Последний роман Уиндэма — «История с лишайником» (1960). В нем писатель обсуждает возможности, которые открыло бы перед человечеством многократное увеличение продолжительности жизни.

За всем тематическим многообразием писателя скрывается необычайно стойкая приверженность его к определенным литературным образцам, областям знаний, идеям. О том, кто послужил образцом для Уиндэма, мы уже знаем. Послушаем все-таки, что говорит об этом сам писатель. Тогда мы лучше поймем, чем в первую очередь он обязан Уэллсу.

«Насколько я помню, решающее влияние оказали на меня прежде всего уэллсовские «Война миров» и «Машина времени», - рассказывает Уиндэм. — Я убежден, что Джон Уиндэм появился на свет не без очень заметного их участия. Они были написаны задолго до того, как кому-либо пришел в голову термин «научная фантастика», но до сих пор служат, по-моему, примером того, как надо соблюдать меру науки и литературы.

Всякая честная попытка проникнуть в будущее заинтересует, наверно, очень многих, но людям до смерти надоело все это научное щегольство. Так давайте поменьше растолковывать, что и как, побольше просто рассказывать и, чем занимать свой ум вопросом о будущем аборигенов Урана, заинтересуемся лучше, что может случиться с нами, нашими друзьями, всем, что нас окружает».
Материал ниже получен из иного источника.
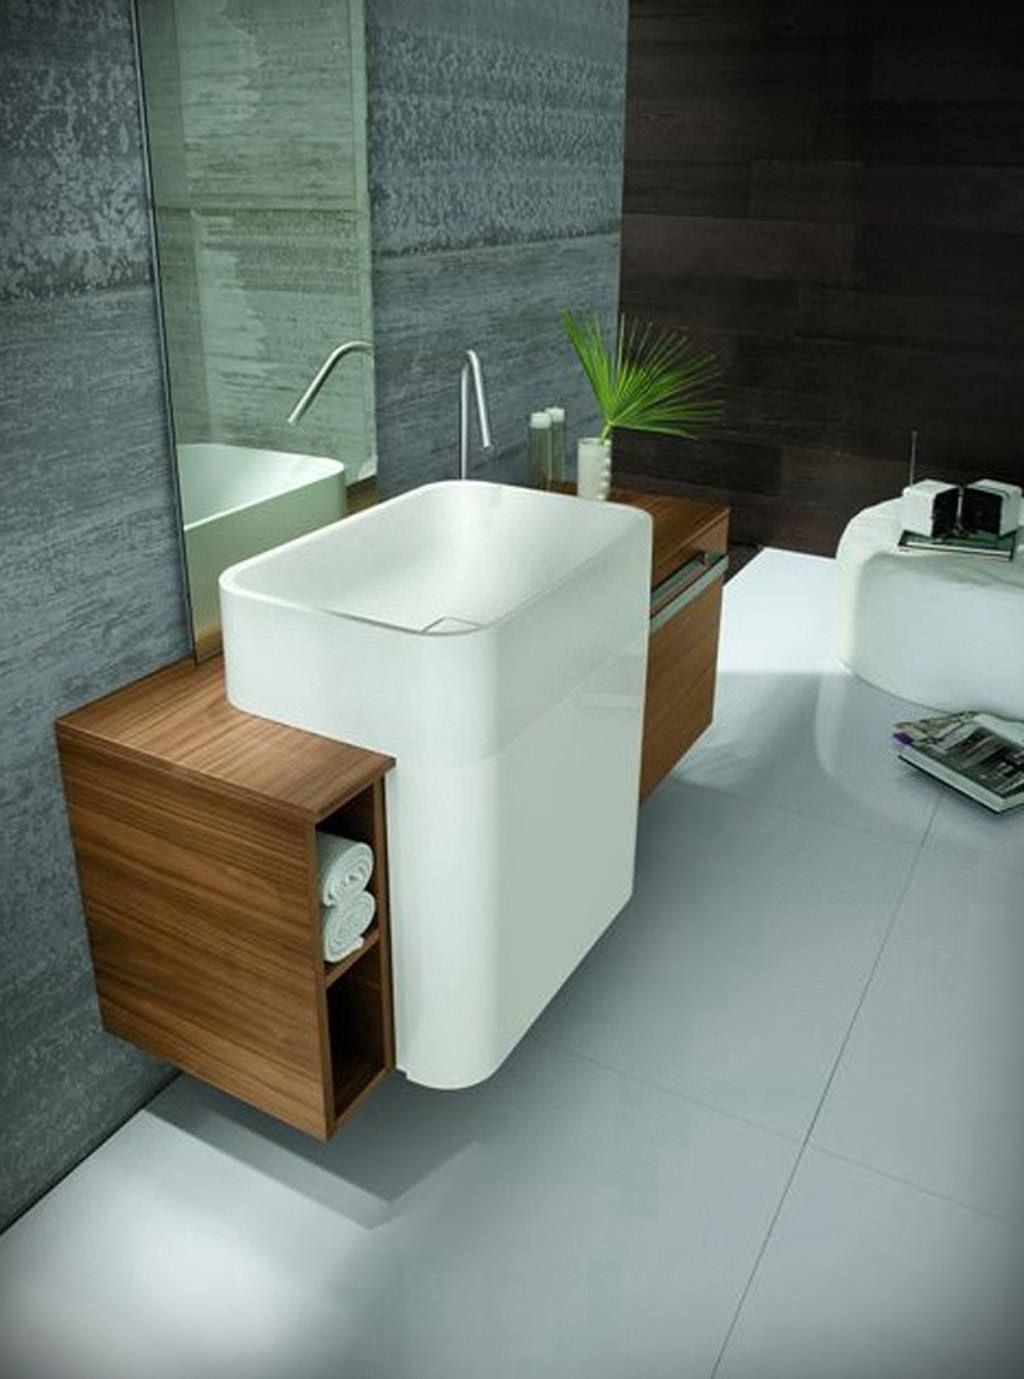 small sink vanity for small bathrooms%0A Small Bathroom Interior Decorating Brilliant Small Bathroom Minimalist With u

Уиндэм опубликовал всего один роман непосредственно о космосе — «Толчок вовне», да и то в сотрудничестве с другим автором, Лукасом Паркесом. Действие остальных его романов происходит на земле и обычно во времена, не так далеко от нас отстоящие. И он не обременяет нас техническими деталями. Он горячий противник жюль-верновской школы, возродившейся в США на материале новой науки, и детали — в том числе и технические — нужны ему лишь постольку, поскольку они нужны всякому другому писателю: для достоверности, реалистичности, правдоподобия — не более того.
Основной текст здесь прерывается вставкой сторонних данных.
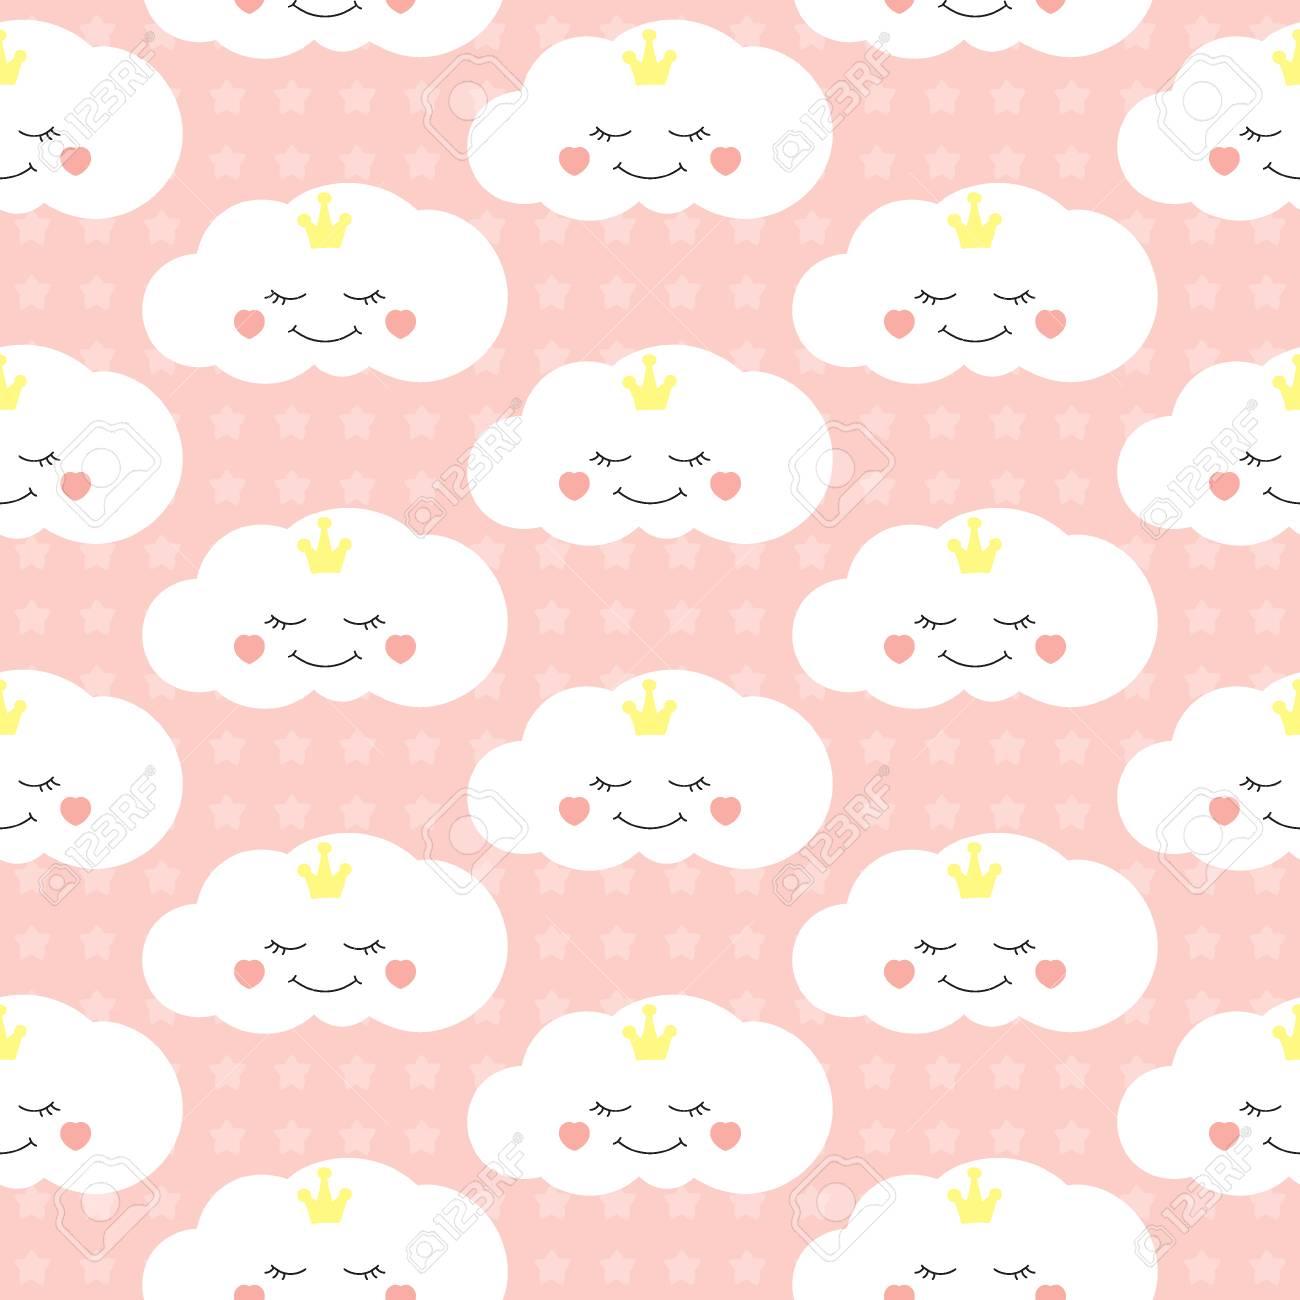 Cute baby cloud pattern vector seamless  Little princess print

К тому же у Джона Уиндэма есть свой (прямо надо сказать, доступный не каждому) способ заставить нас поверить в реальность происходящего: верность людским характерам. Как справедливо пишет американский критик и писатель-фантаст Даймон Найт, «Уиндэм достигает своего магического эффекта совершенно домашними средствами. Он заставляет вас верить в самые невероятные вещи просто потому, что они случились с людьми, которых вы знаете».

Уиндэм, что называется, не любит зря фантазировать. Он пишет не фантазии, а фантастику. Воображение у него очень жесткое, очень последовательное и логичное. Он не мечется в поисках еще одного необычного поворота мысли. Он исходит каждый раз из единственной фантастической посылки, последовательно ее разрабатывает, и ее хватает на целую книгу — ведь ему, реалисту в фантастике, столько надо найти опосредствований случившегося — и психологических, и бытовых, и социальных.

Сама по себе эта фантастическая посылка обычно основана на научных сведениях, достоверных, новых и перспективных. Уиндэм обладает знаниями прежде всего в той области, знатоком которой был его учитель Уэллс, — в области биологии. Здесь, однако, сыграло роль собственное его представление о путях научного прогресса. Уиндэм убежден, что если «ведущей фигурой вчерашнего дня был инженер, а сегодня таковым является физик, то завтра им будет биохимик»

В сфере биологии Уиндэма больше всего интересует этология — наука о поведении животных, в частности, так называемых «общественных насекомых» — пчел, муравьев и т. п. Выводок пчел или муравейник рассматривается этологией как «сверхорганизм», где индивидуальное и общее находятся в такой тесной биологической связи, что отдельная особь, исключенная из выводка, погибает. Впервые эти выводы этологии заинтересовали Уиндэма давно, когда сами биологи только-только начинали к ним приближаться, — в начале пятидесятых годов. «Мне кажется, что в триффидах есть что-то общее с некоторыми видами насекомых, — говорит героиня романа «День триффидов». — О, я знаю, что биологически это растения. Я хочу сказать, что они не заботятся о судьбе отдельной особи и отдельная особь не заботится о своей судьбе. Каждый в отдельности обладает чем-то отдаленно напоминающим разум; когда же они собираются толпой, это особенно заметно. Толпой они действуют целенаправленно, совсем как муравьи и пчелы, хотя можно утверждать, что каждый в отдельности не знает цели и плана, частью которого является».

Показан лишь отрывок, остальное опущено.